Real estate developer

Sobha Group LLC is a GCC based real estate developer headquartered in Dubai . The company was established in 1976 as an interior decoration firm in Oman by Mr P. N. C. Menon. The company is functional in the UAE, Oman, Bahrain, and Brunei. Sobha Group LLC was the subject of a case study at Harvard Business School. It recorded a sales target of US$1 billion in 2021.

Sobha Realty has been credited for incorporating digital transformation in the real estate sector and reinventing the value chain by utilizing its built-in conceptualization, design, and development capabilities.

The company uses a backward integrated model to ensure high standards in quality across projects.

Sobha Realty signed a charitable grant agreement with a UAE backed aid programme foundation, a pact under which they will construct a university in Dubai at a cost of 400-million UAE Dirham over the next four years. Sobha Realty and UAE’s Mohammed bin Rashid Al Maktoum Global Initiatives (MBRGI) will also establish a 1 billion UAE Dirham endowment fund, which is intended to support the education of millions.

== Key People==
Mr P.N.C. Menon is the Founder and Chairman of Sobha Group LLC. P.N.C. Menon hails from Palakkad in Kerala, and established Sobha Group, a multinational real estate and construction group with diversified investments in the UAE, Oman, Bahrain, Brunei, and Tanzania.

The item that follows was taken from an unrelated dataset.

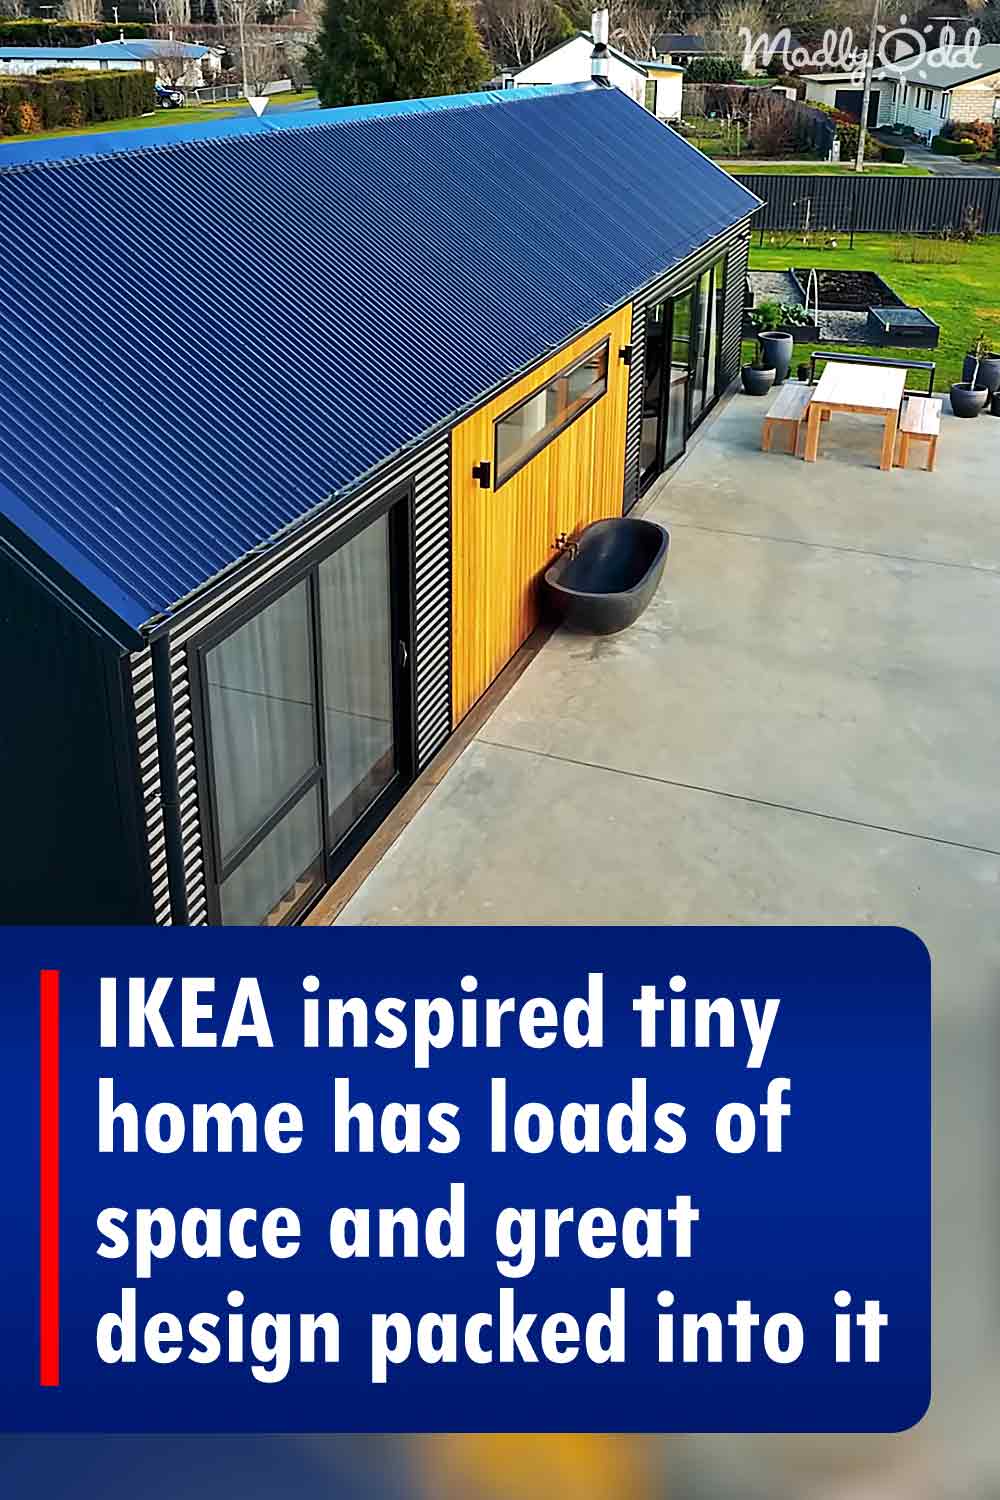 IKEA inspired tiny home has loads of space and great design packed into it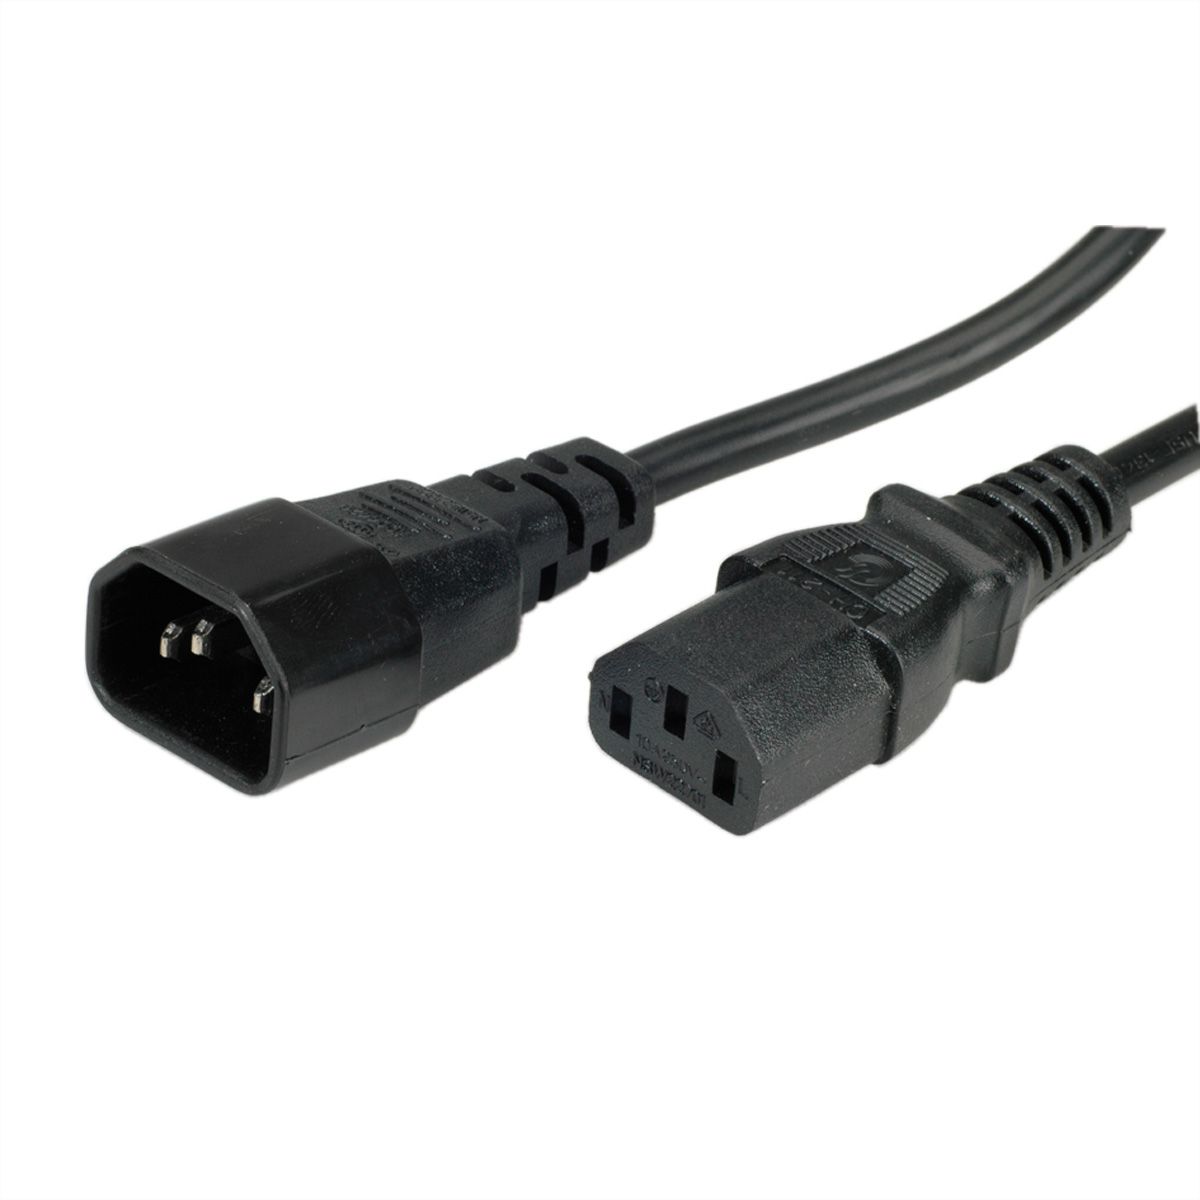 Circus Bewijs medeleerling VALUE Monitor Power Cable, IEC 320 C14 - C13, black, 0.5 m - SECOMP  International AG

==Masterplan Communities==

===Sobha Hartland===
Sobha Realty is currently developing Sobha Hartland, a community spread across eight million square feet launched in 2014 in the heart of Dubai, as part of the Mohammed Bin Rashid Al Maktoum City (MBR City) master development. The project, which is estimated at US$4 billion, with 2.4 million square feet of its total land area encompassing over 300 different species of plants and trees. The development also houses the Hartland International School and North London Collegiate School Dubai.

===District One===
The Meydan Sobha “District One” project was launched in Phase-1 and Phase-2, with an overall value of US$8 billion.